▼

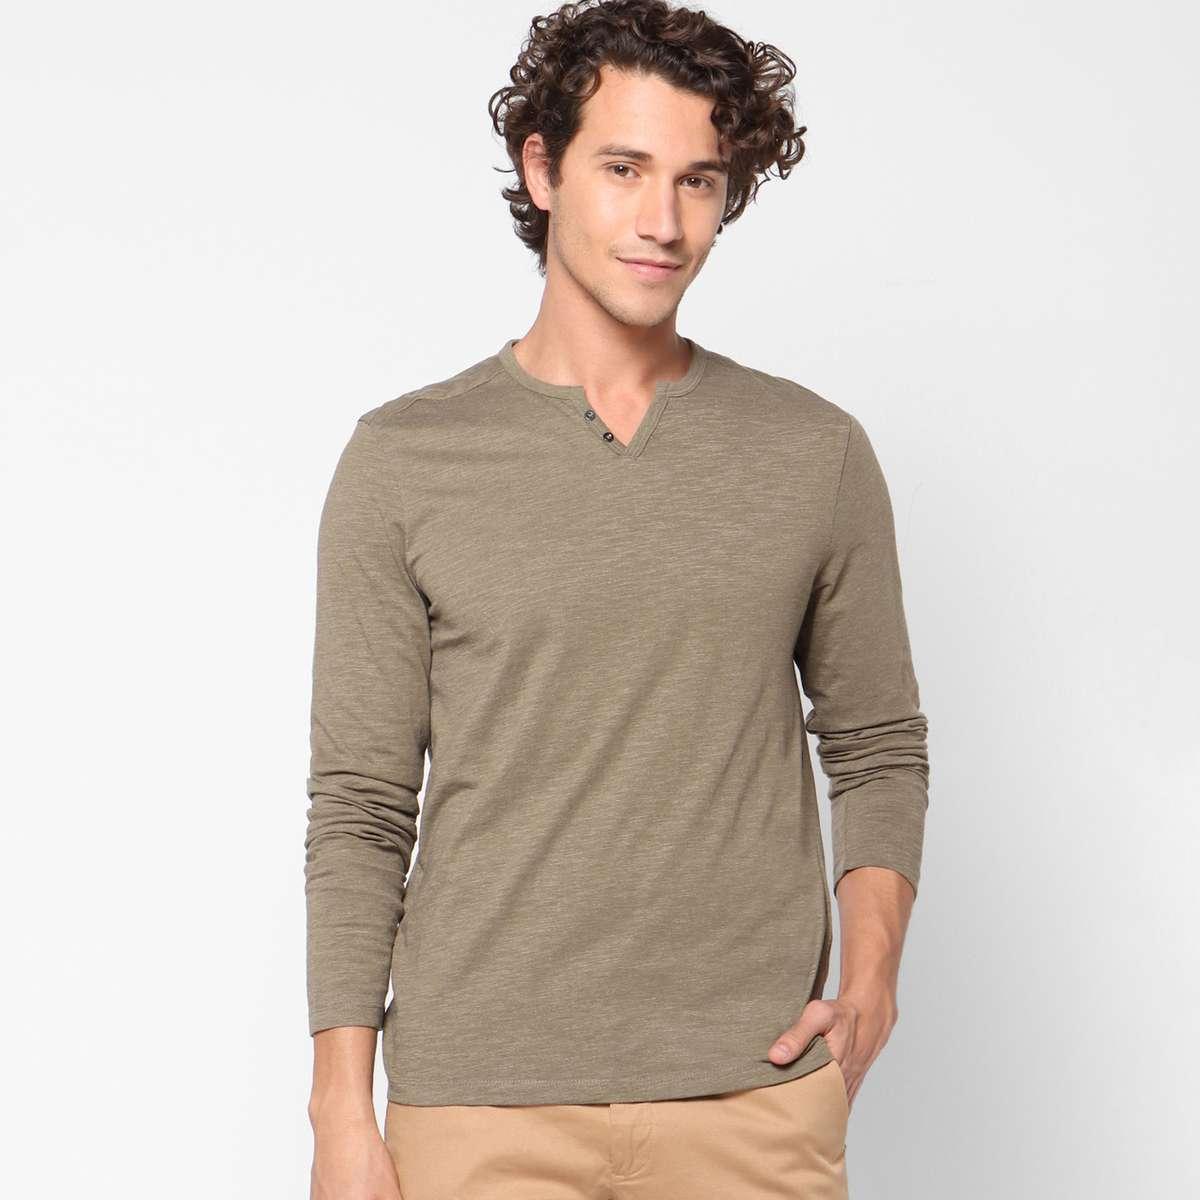 3.CELIO Men Solid Slim Fit Henley T-shirt
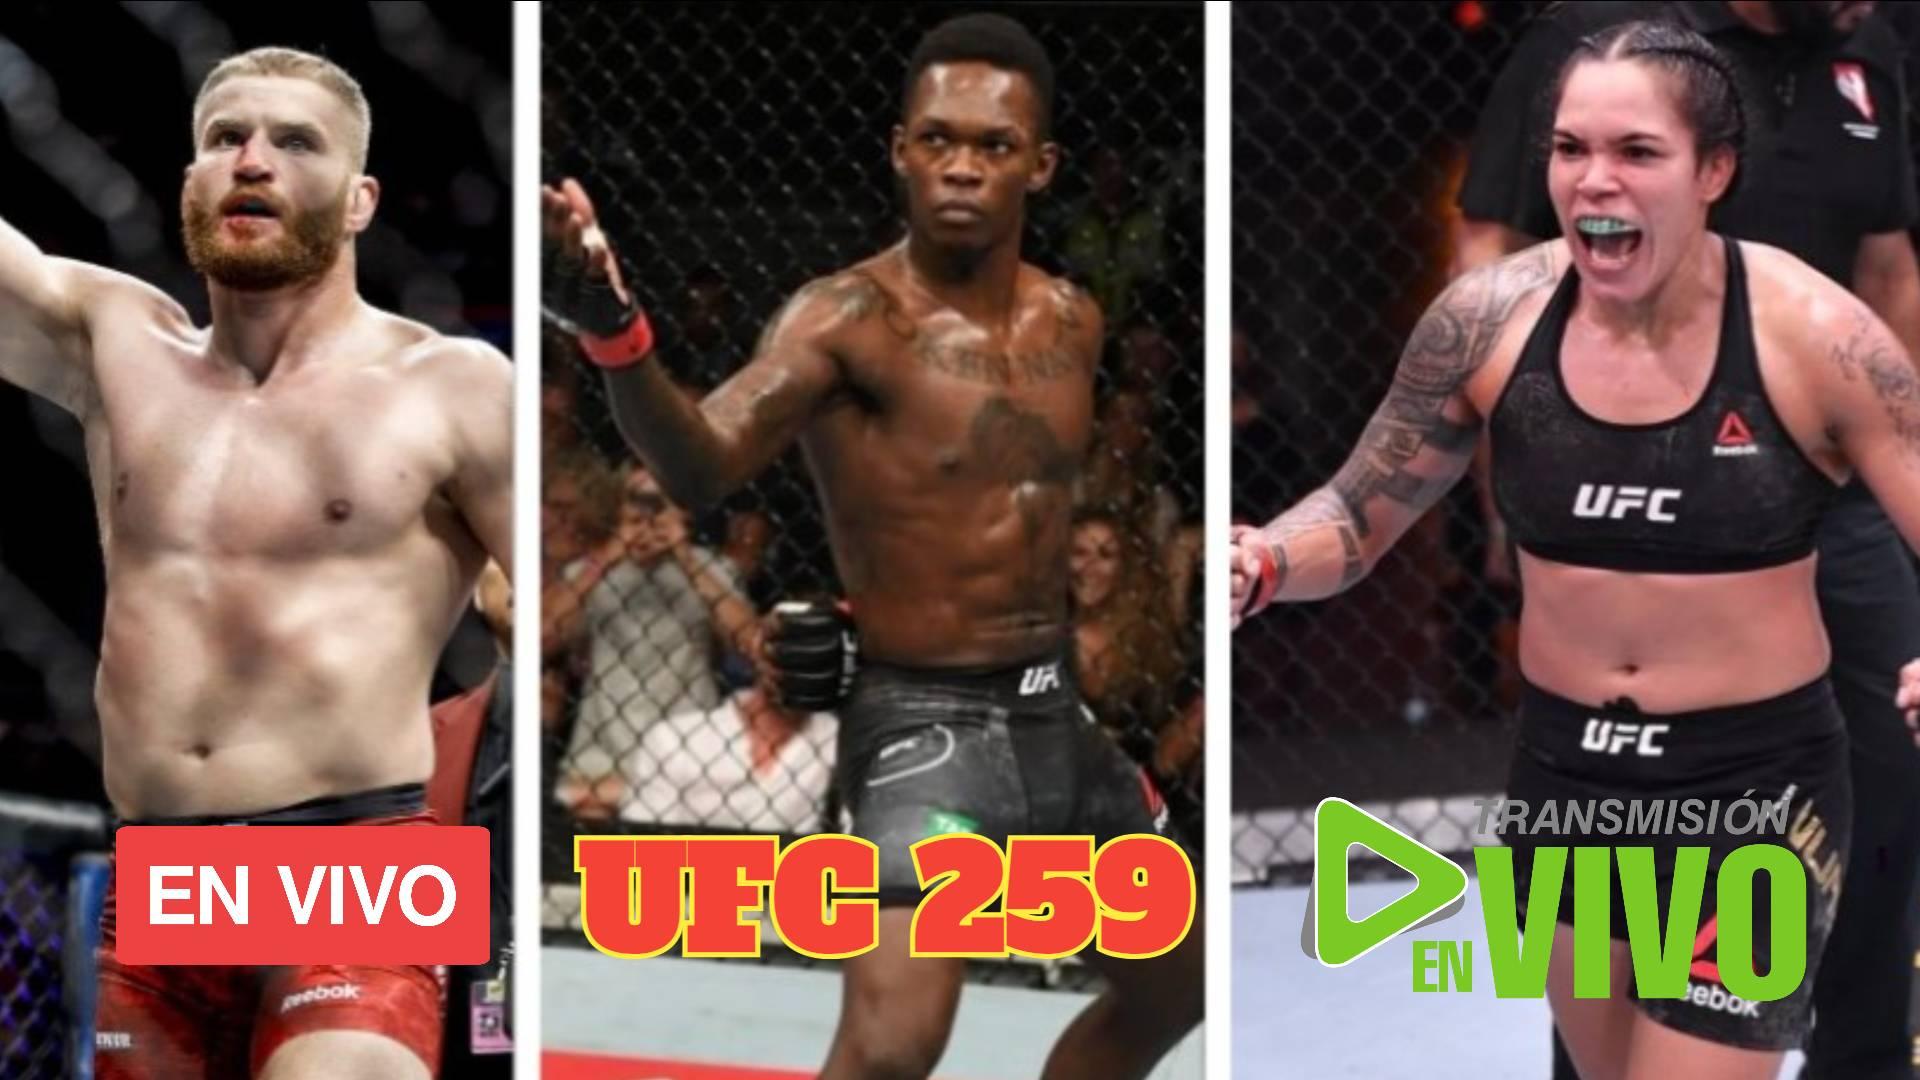 EN VIVO UFC 259 Blachowicz vs. Adesanya ONLINE
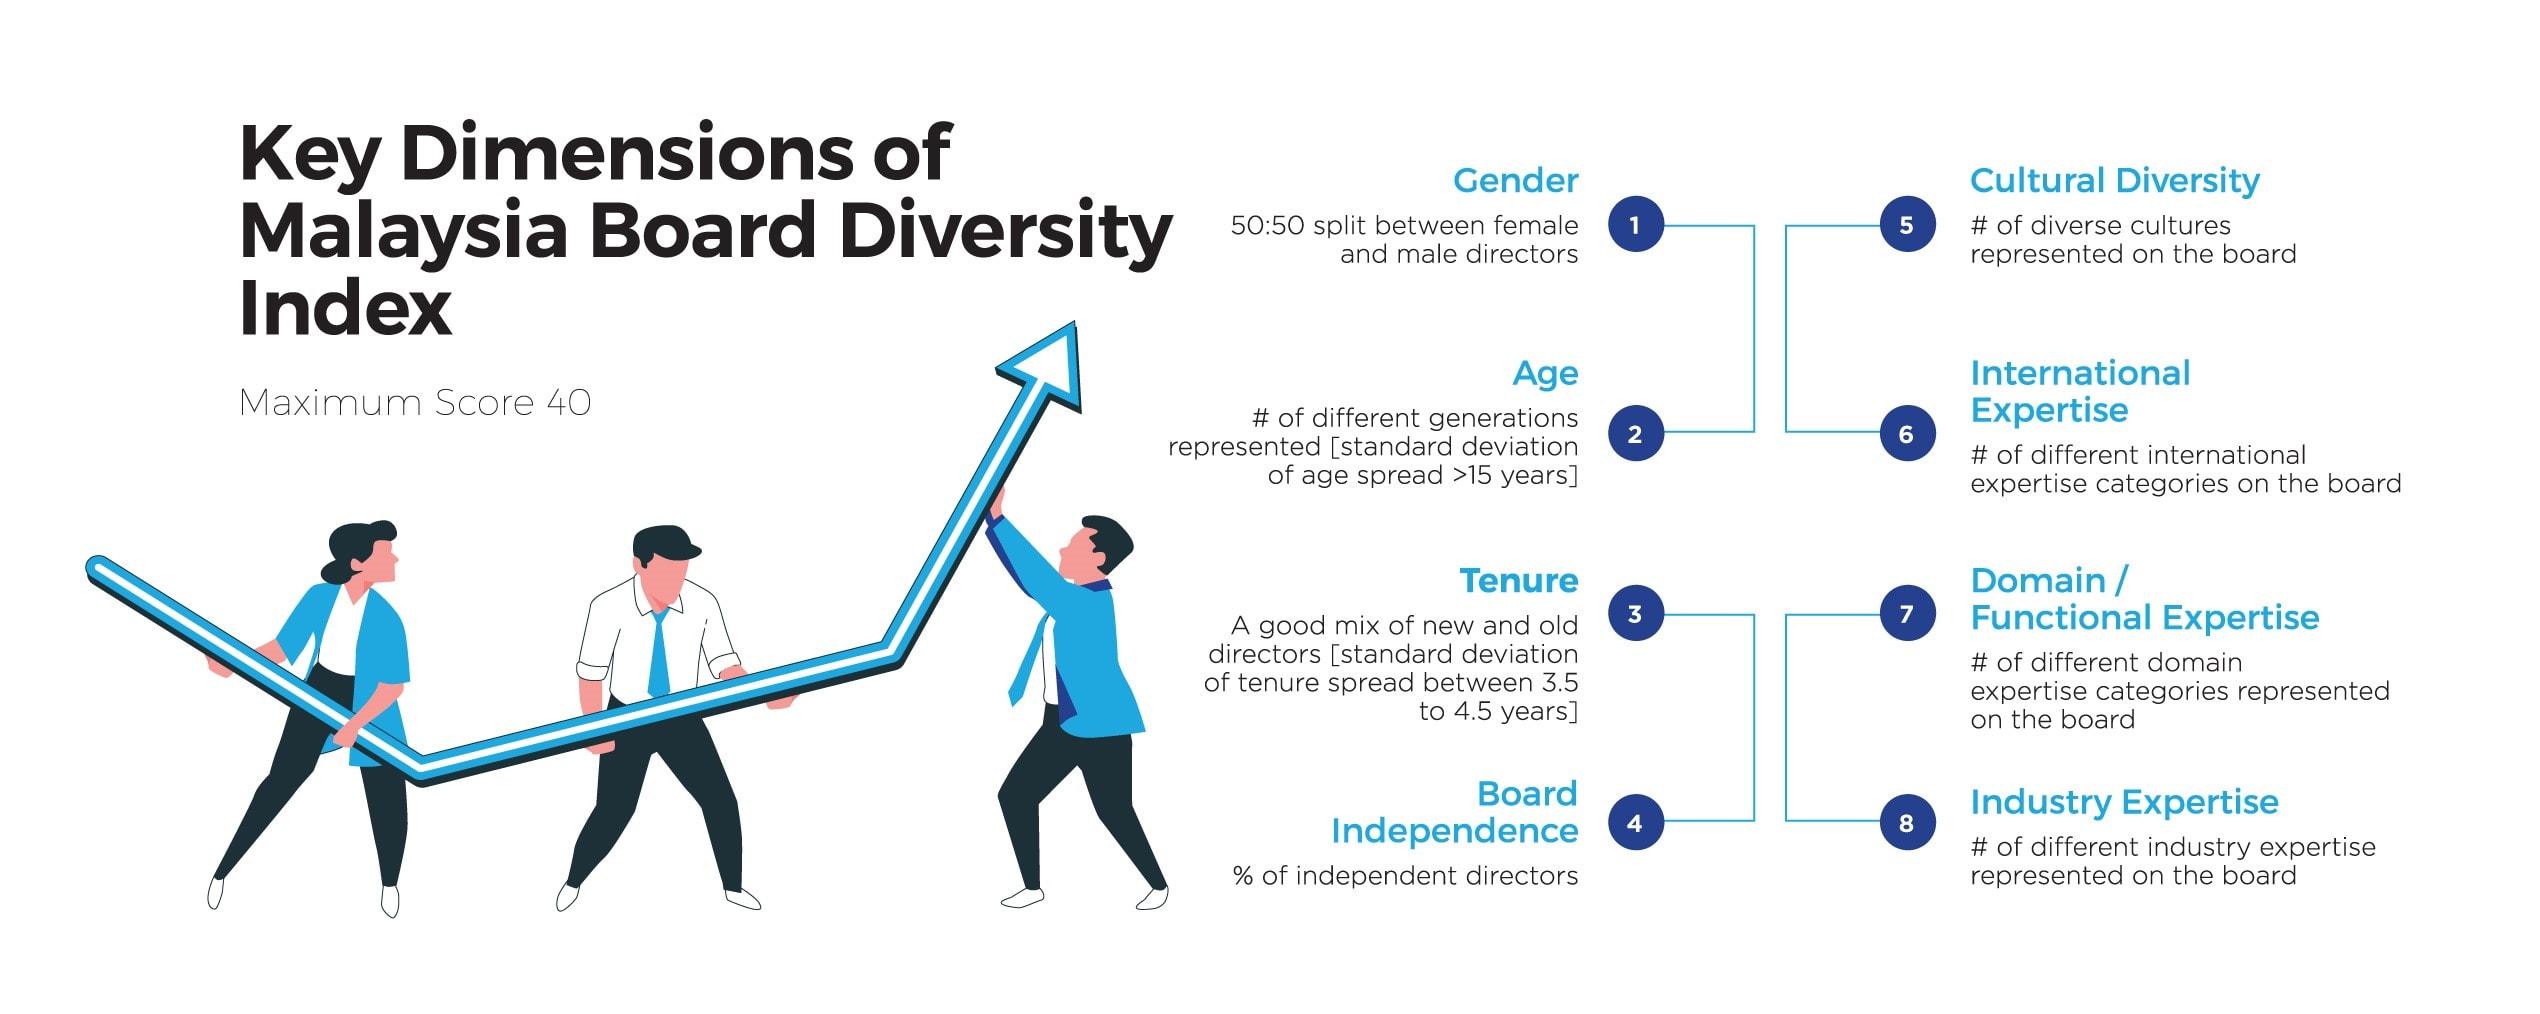 8 key dimensions

▲

Requirement: Beginning with the line that contains "EN VIVO UFC" and ending with the last line of the data, restate each line word for word. Exclude the pictures.

Solution for this task:
 EN VIVO UFC 259 Blachowicz vs. Adesanya ONLINE
 8 key dimensions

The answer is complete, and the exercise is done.